▶ [Instructions to follow] Using the listing below, please print exactly the lines from the one with "Fall harvest decoration" through the one with "rings sit on". Leave out every picture.

▶ [Data for the task]
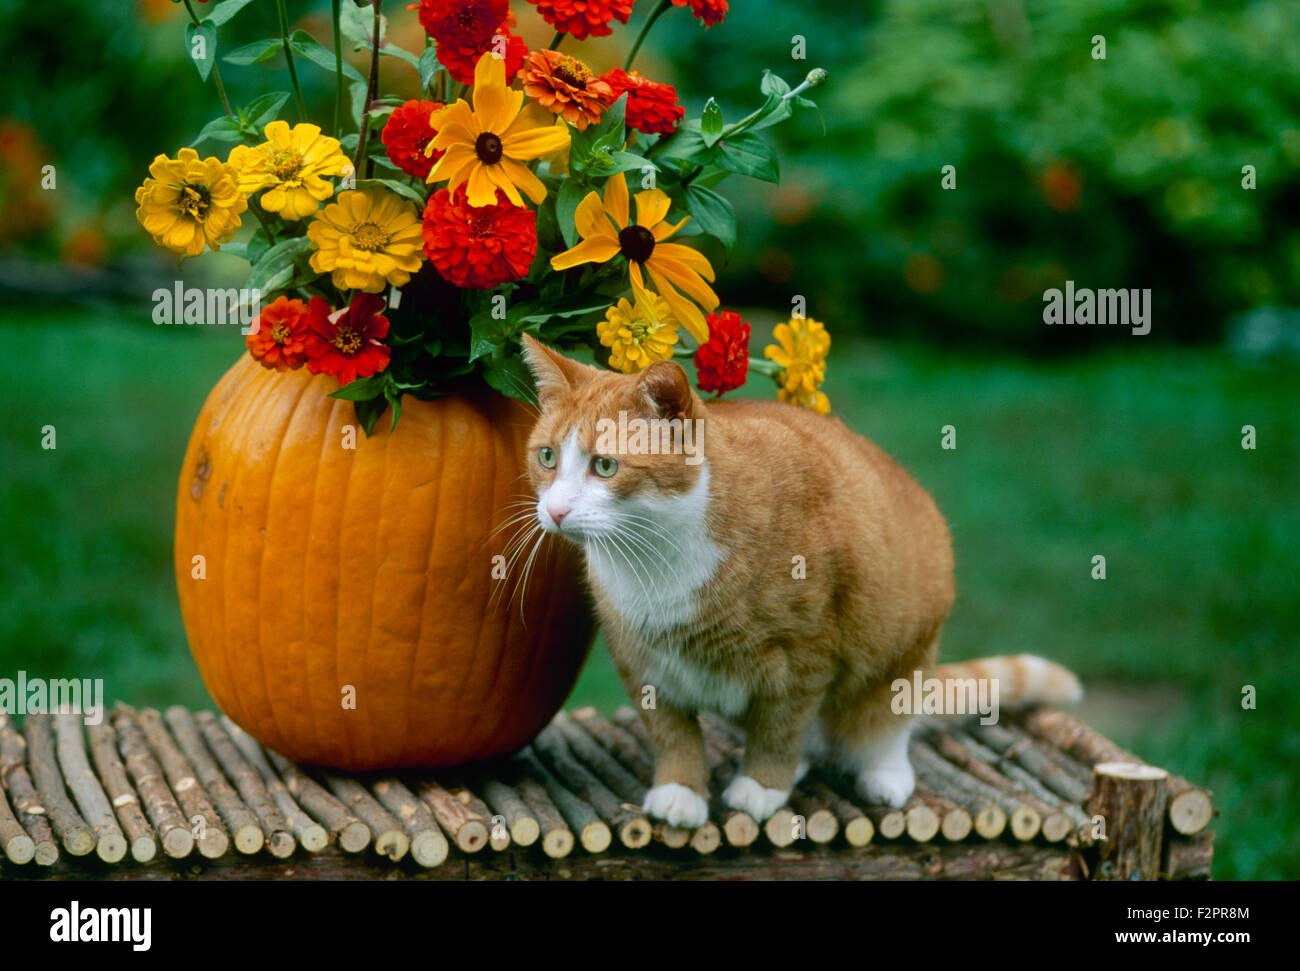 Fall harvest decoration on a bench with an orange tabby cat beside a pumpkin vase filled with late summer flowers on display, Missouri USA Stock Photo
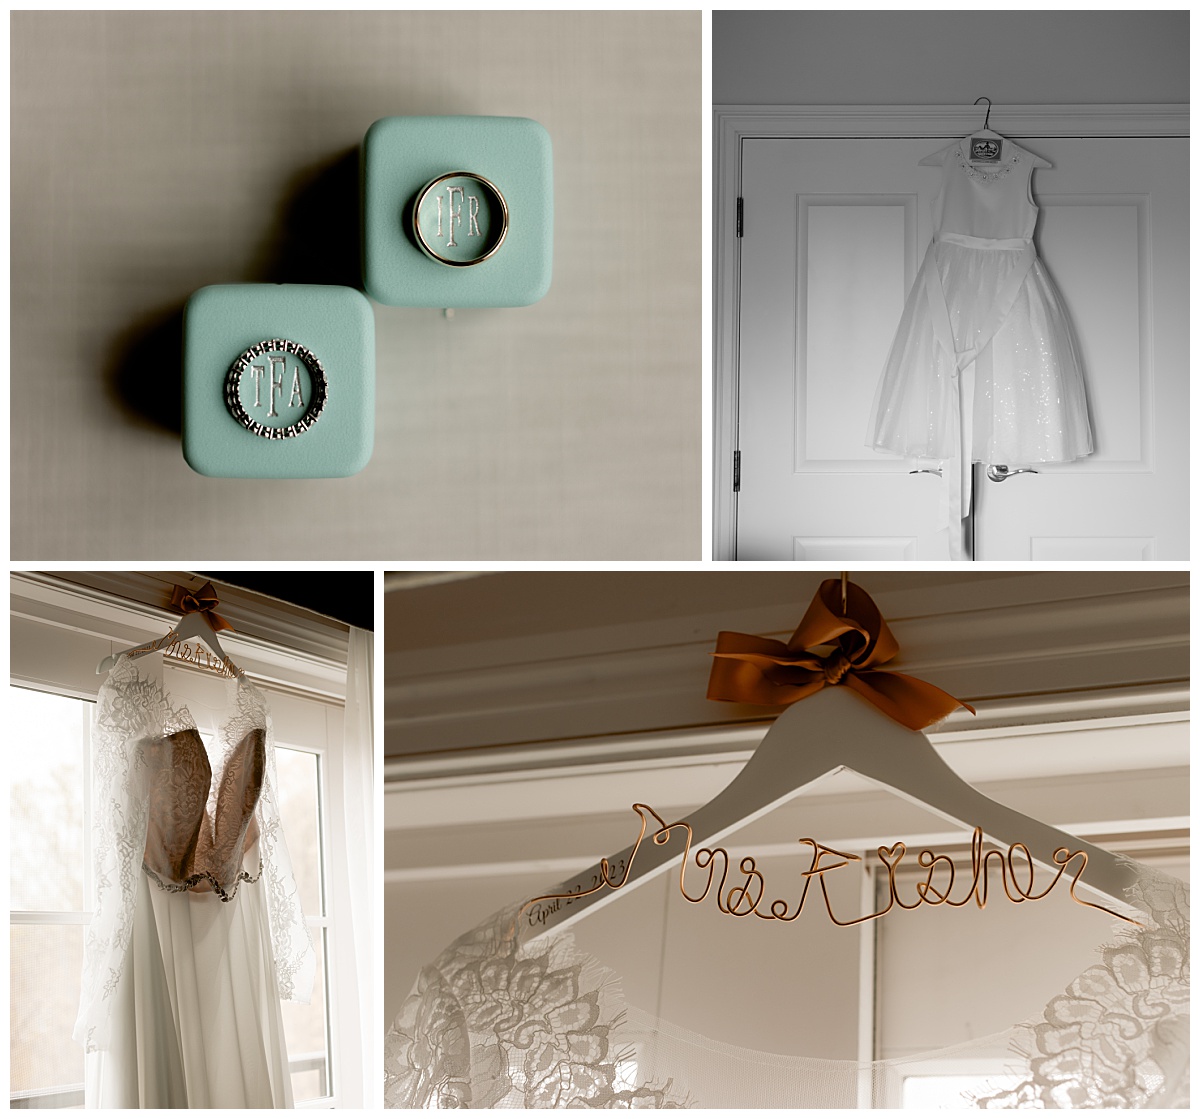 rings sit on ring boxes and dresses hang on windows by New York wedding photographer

...

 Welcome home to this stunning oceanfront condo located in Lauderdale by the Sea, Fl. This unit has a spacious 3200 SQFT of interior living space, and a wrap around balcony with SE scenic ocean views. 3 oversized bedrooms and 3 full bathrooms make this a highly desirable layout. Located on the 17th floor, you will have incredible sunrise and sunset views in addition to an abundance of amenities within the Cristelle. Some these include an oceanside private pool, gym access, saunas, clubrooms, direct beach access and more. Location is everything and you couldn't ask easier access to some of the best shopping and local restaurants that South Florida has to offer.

* * *

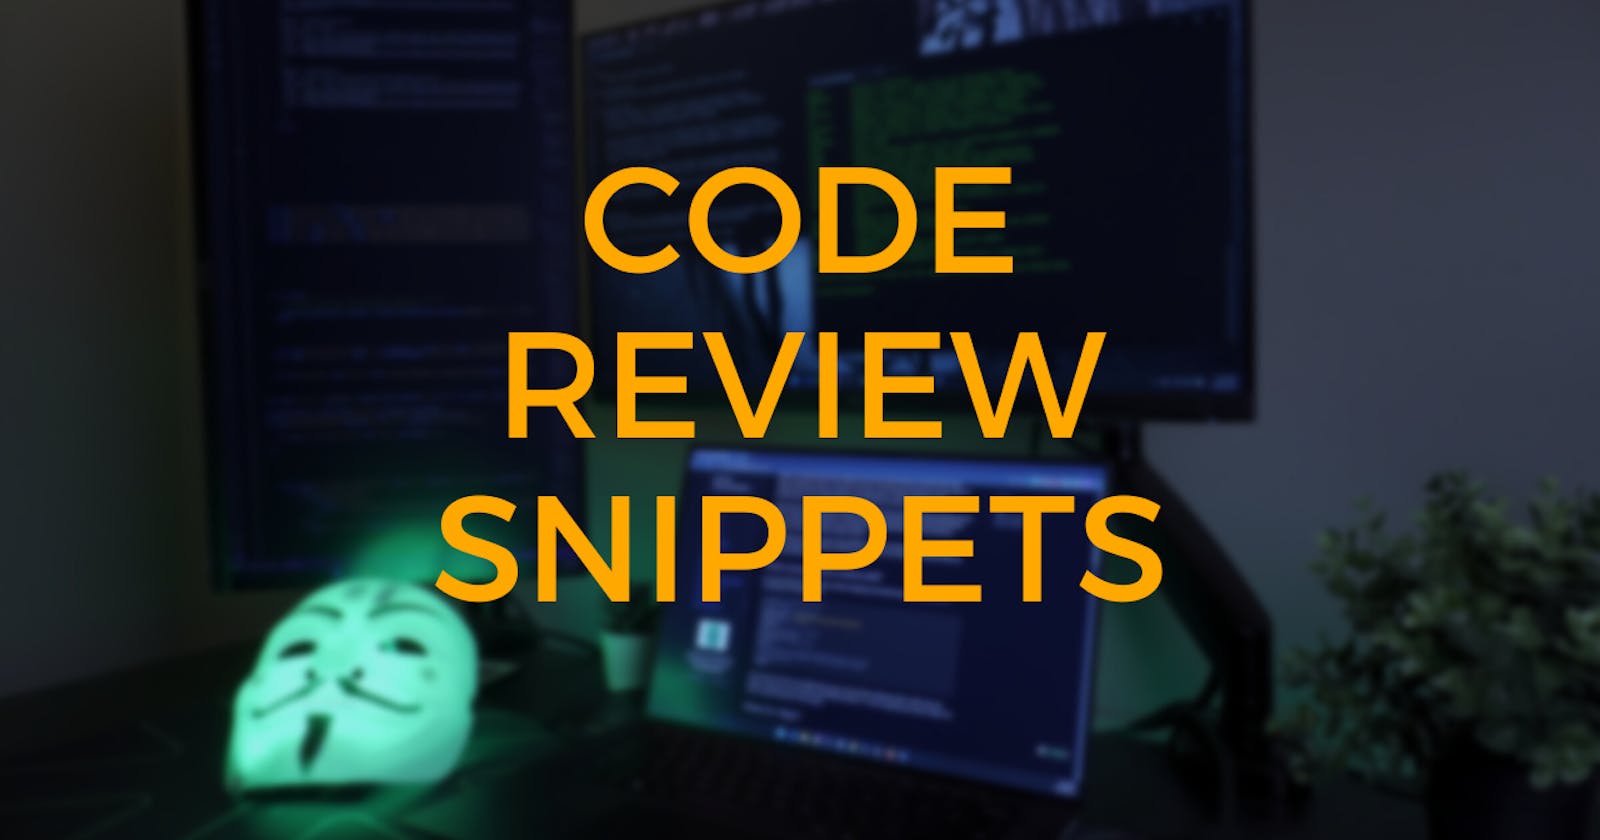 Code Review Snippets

▶ [Written reply]
 Fall harvest decoration on a bench with an orange tabby cat beside a pumpkin vase filled with late summer flowers on display, Missouri USA Stock Photo
 rings sit on ring boxes and dresses hang on windows by New York wedding photographer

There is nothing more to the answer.